Despite surgical resection with negative margins or radiation
ablation of their primary tumors, about nine out of ten cancer patients die from metastatic disease. If metastases are present
at the time of diagnosis, even aggressive attempts at local control are unlikely to improve survival, and systemic therapy
may be the only remaining option. The longer survival times that have been achieved over the past decades are due to better
understanding of disease processes, screening programs that detect premetastatic disease, new drugs and improved chemotherapeutic
agents, and the further integration of radiation therapy into overall treatment strategies. New surgical techniques may decrease
operative mortality and morbidity, but are unlikely to increase disease-specific survival. Likewise, more precisely defined
dose distributions may lower the doses to OARs and thereby permit more aggressive tumor doses.

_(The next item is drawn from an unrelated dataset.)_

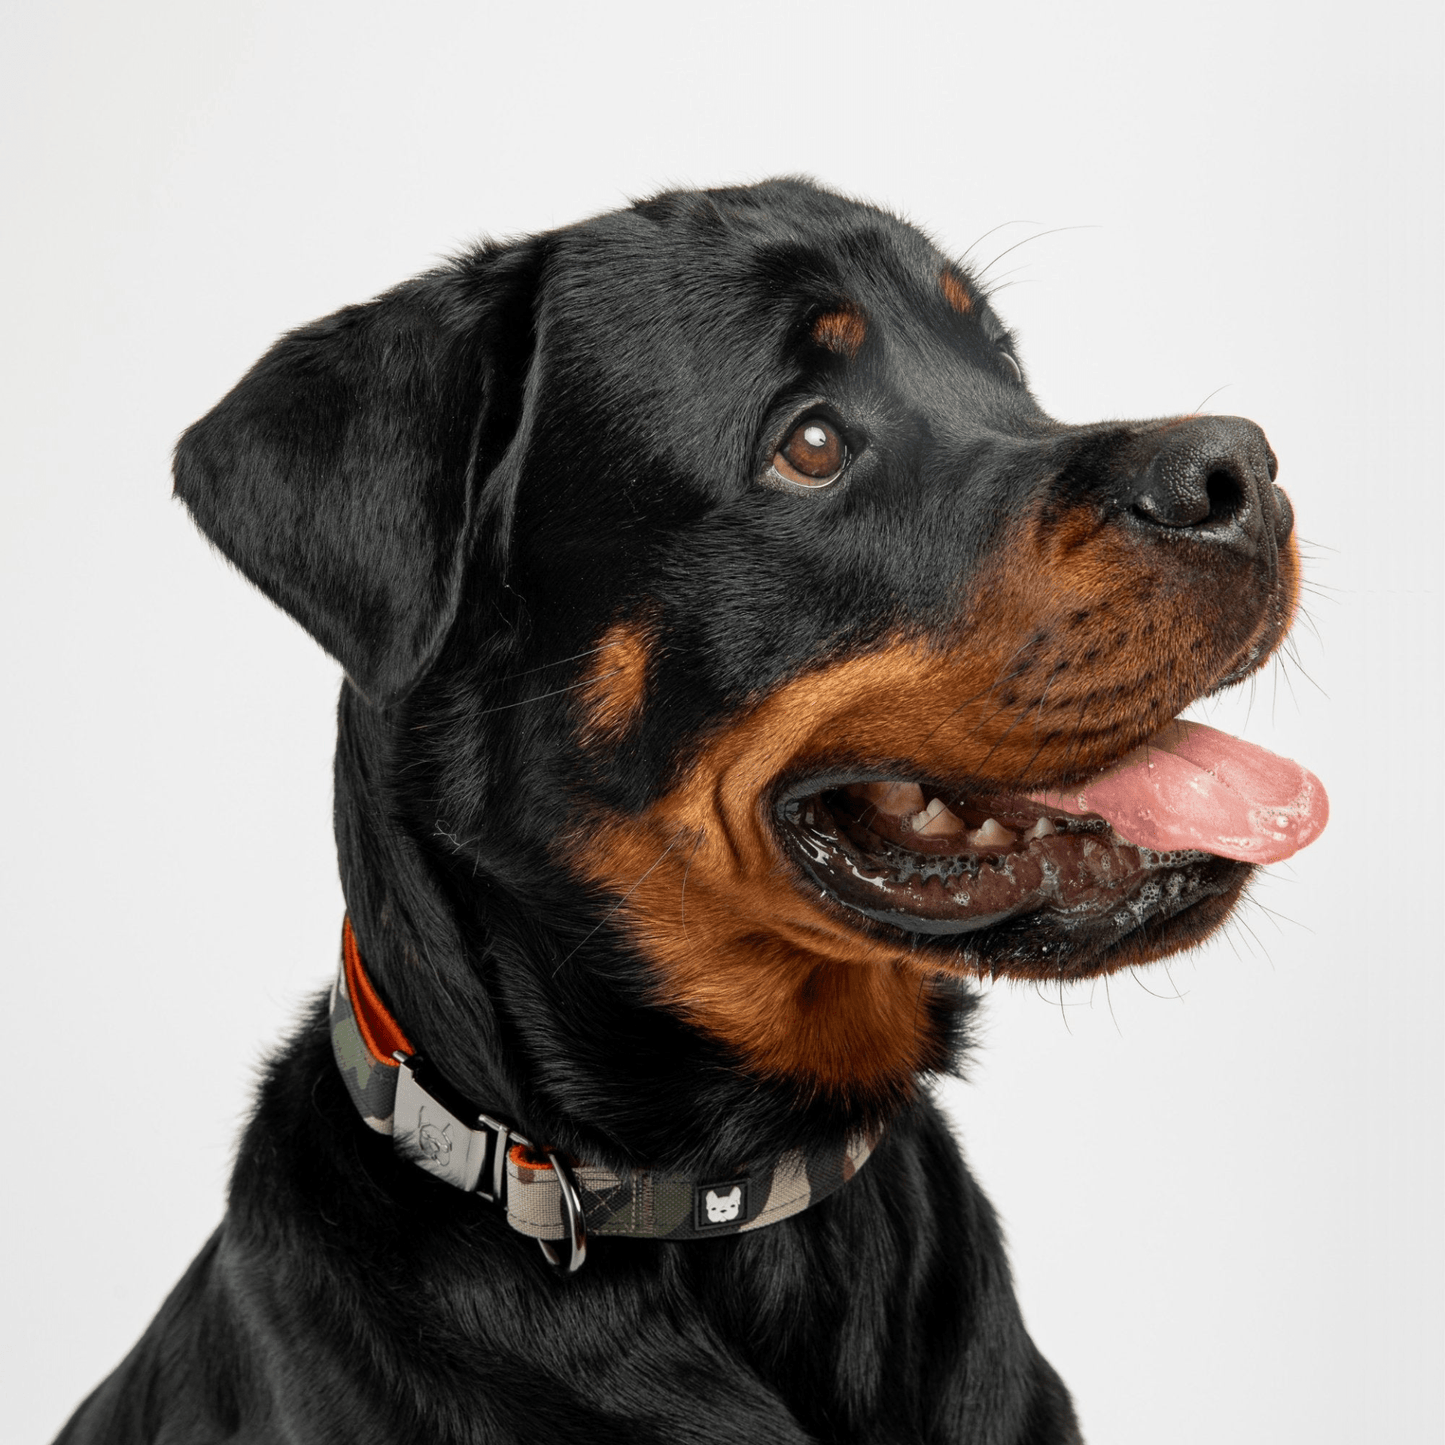 Dog and Pet Stuff Dog Collar - Camo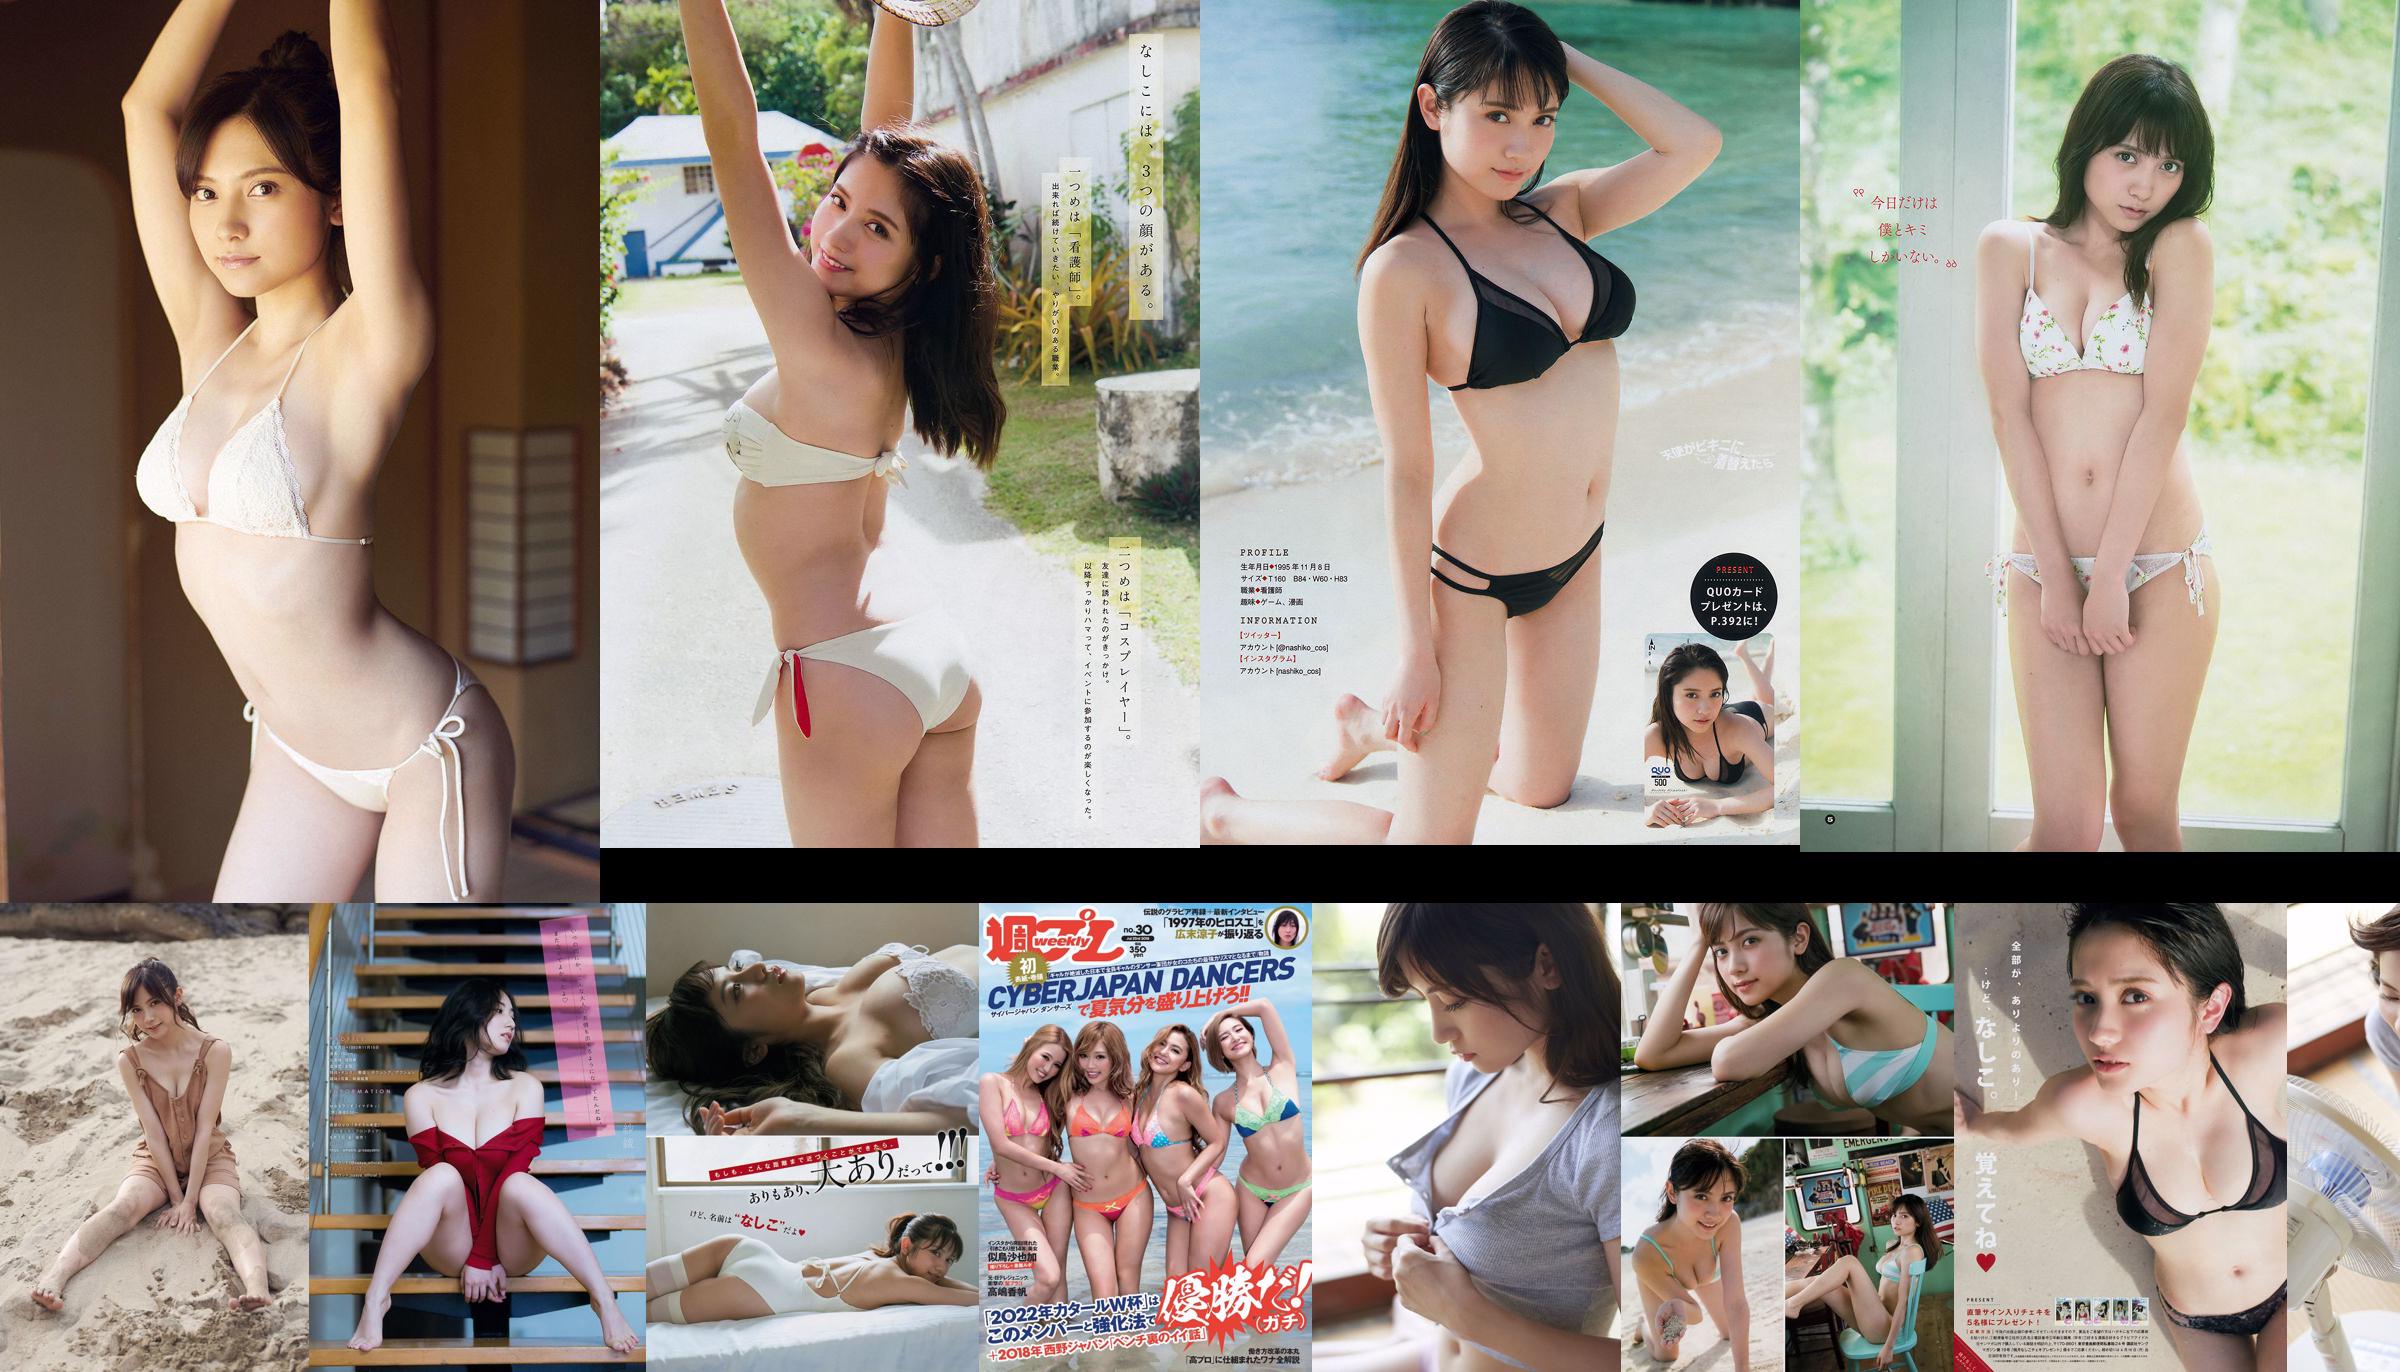 Nashiko Momotsuki Yuka Sugai Natsumi Ikema Raw Oyster Imoko Sae Murase Mao Akutsu [Semanal Playboy] 2018 No.23 Photo No.af6cef Página 3

However, dose escalation has
seemingly reached its limits and more imaginative combinations of radiation and less toxic drugs may be the key to radiation
therapy’s future.
Radiation oncologists and their staffs hold highly respected places in our
society and, as such, have a responsibility to ensure that the limited resources available for health care yield the maximum
benefits. Proton-beam therapy facilities are the most expensive medical devices ever employed for the routine delivery of
health care. In view of these multimillion dollar levels of expenditure and the publicity that accompanies each new facility,
it is not unreasonable for the cancer patient who is prescribed PBT to anticipate an exceptionally favorable outcome. However,
patients given PBT fair no better than those given IMRT or SBRT; by suggesting benefits unlikely to be experienced, the faith
of these patients in radiation oncology, as well as that of referring physicians and the entire medical community, will be
eroded. The continued promotion of a complex treatment modality whose clinical outcomes are no better than those achieved
by less-expensive modalities is neither medically, morally, nor economically justifiable.